About this Mac > Storage

My first thought: throw all my photos into my existing cloud storage (Google Photos, iCloud, etc), delete everything on my computer, and call it day. But cloud storage is expensive (this is a useful chart for cheap(er) services. As an aside, Arq seems neat because let’s you manage syncing/backups to Amazon S3.).

So, I went ahead and put everything into multiple free cloud storage services, but learned a couple things:

  • Google Photos charges for storing original quality photos but compress photos are free.
  • Amazon can store RAW photos, as long as they are non-commercial use (you’re not a photography business)
  • Amazon can apparently do anything they want with your data :(

OK, after backing stuff up in a few places, there is actually a way to dedupe images/data on my computer!

How to deduplicate photos

Buy one of these mac apps

Duplicate Photos Fixer Pro

PhotoSweeper

…and read more about how to use them at 9to5mac.

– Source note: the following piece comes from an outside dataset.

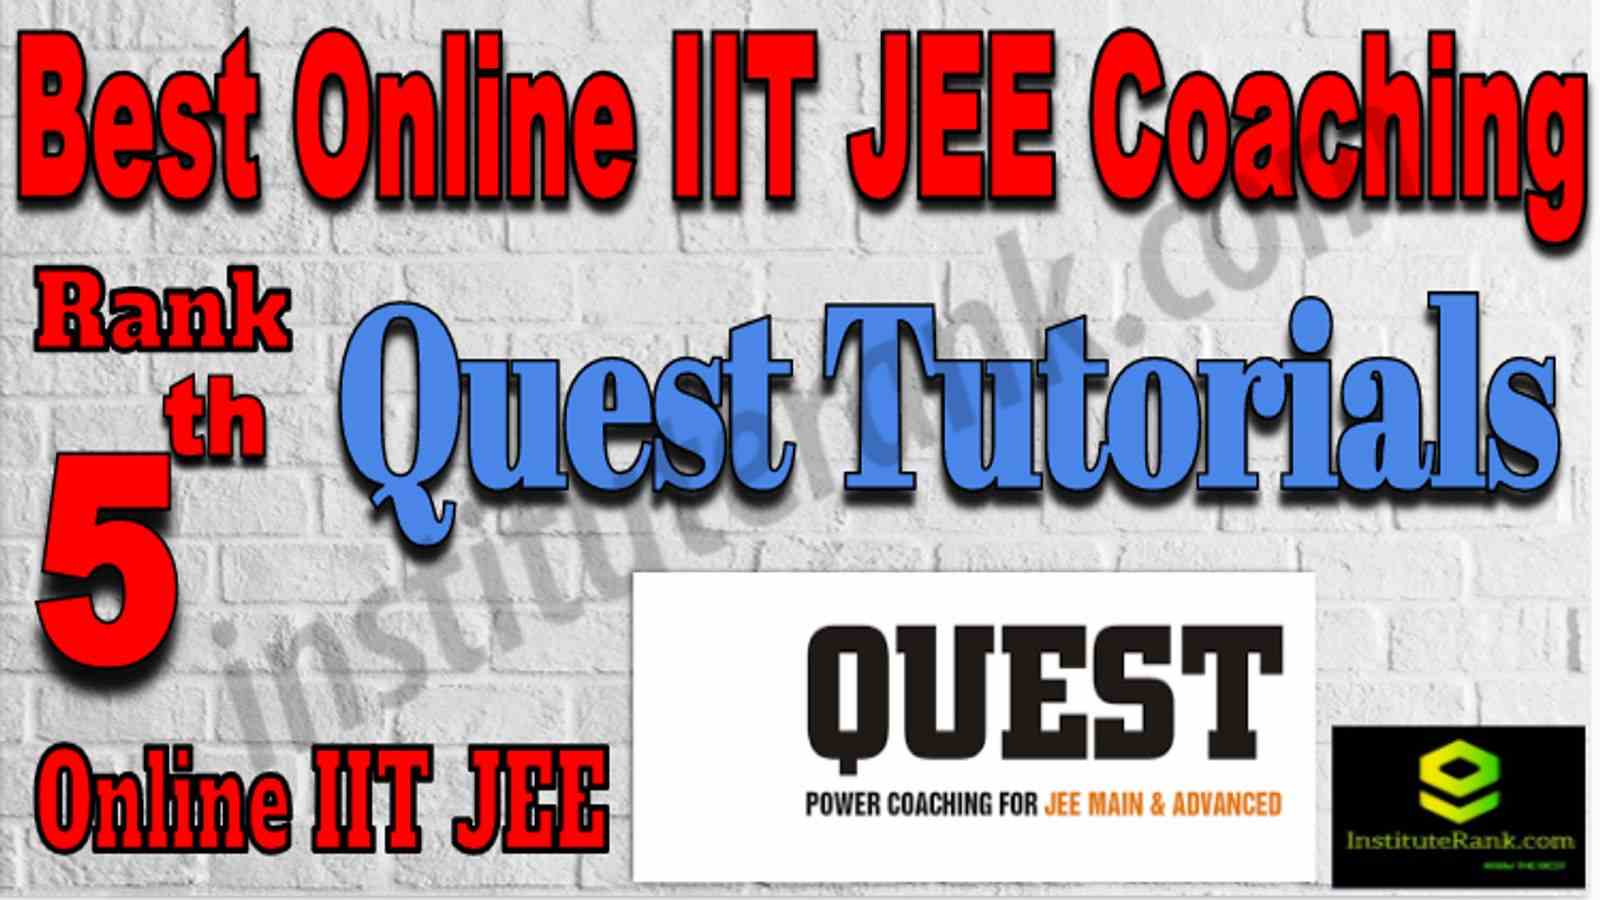 Rank 5 Best Online IIT JEE Coaching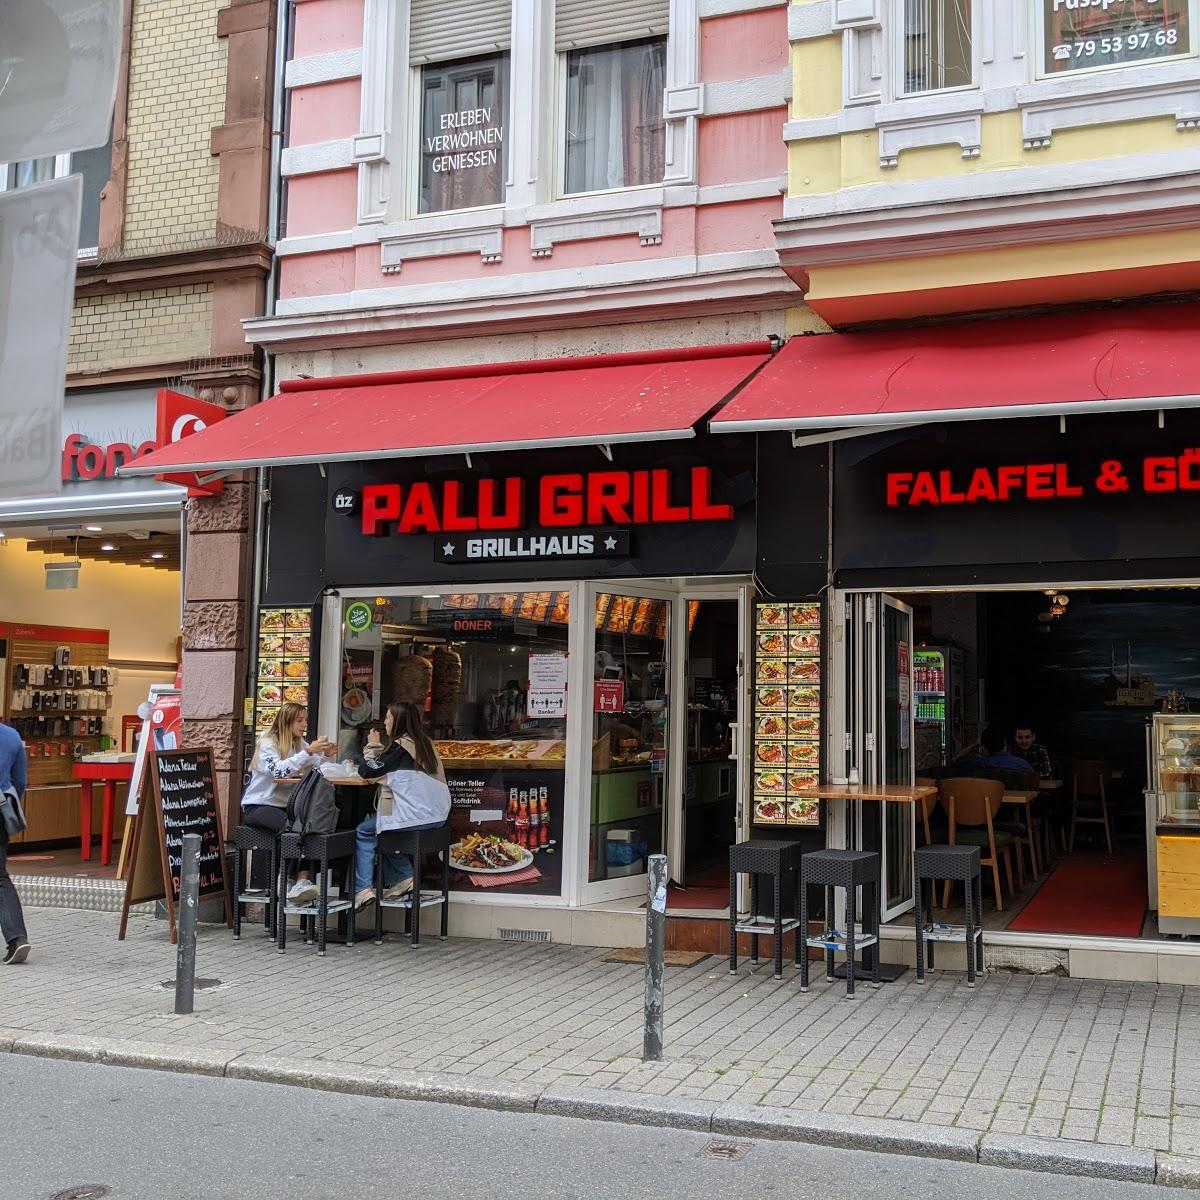 Restaurant "PALU GRILL DÖNER" in Frankfurt am Main

Try this python script for free

https://github.com/philipbl/duplicate-images by philipbl.

This script uses something called perceptual hash 👀 (pHash) to “look” at each file and give it a fingerprint hash ☝️ and save that to a database. Then, it compares all the hashes to figure out which images are (really) similar (regardless of filesize, minor edits, etc.). Then the script allows you to move every similar copy referenced in the database to your trash, review, and delete! 💥

Pretty cool.

At least, this is all my very basic understanding and I hope I didn’t nuke any of my digital memories. The most difficult part of all this is finding cheap external storage so that you can safely fiddle with (or set fire to) your local library.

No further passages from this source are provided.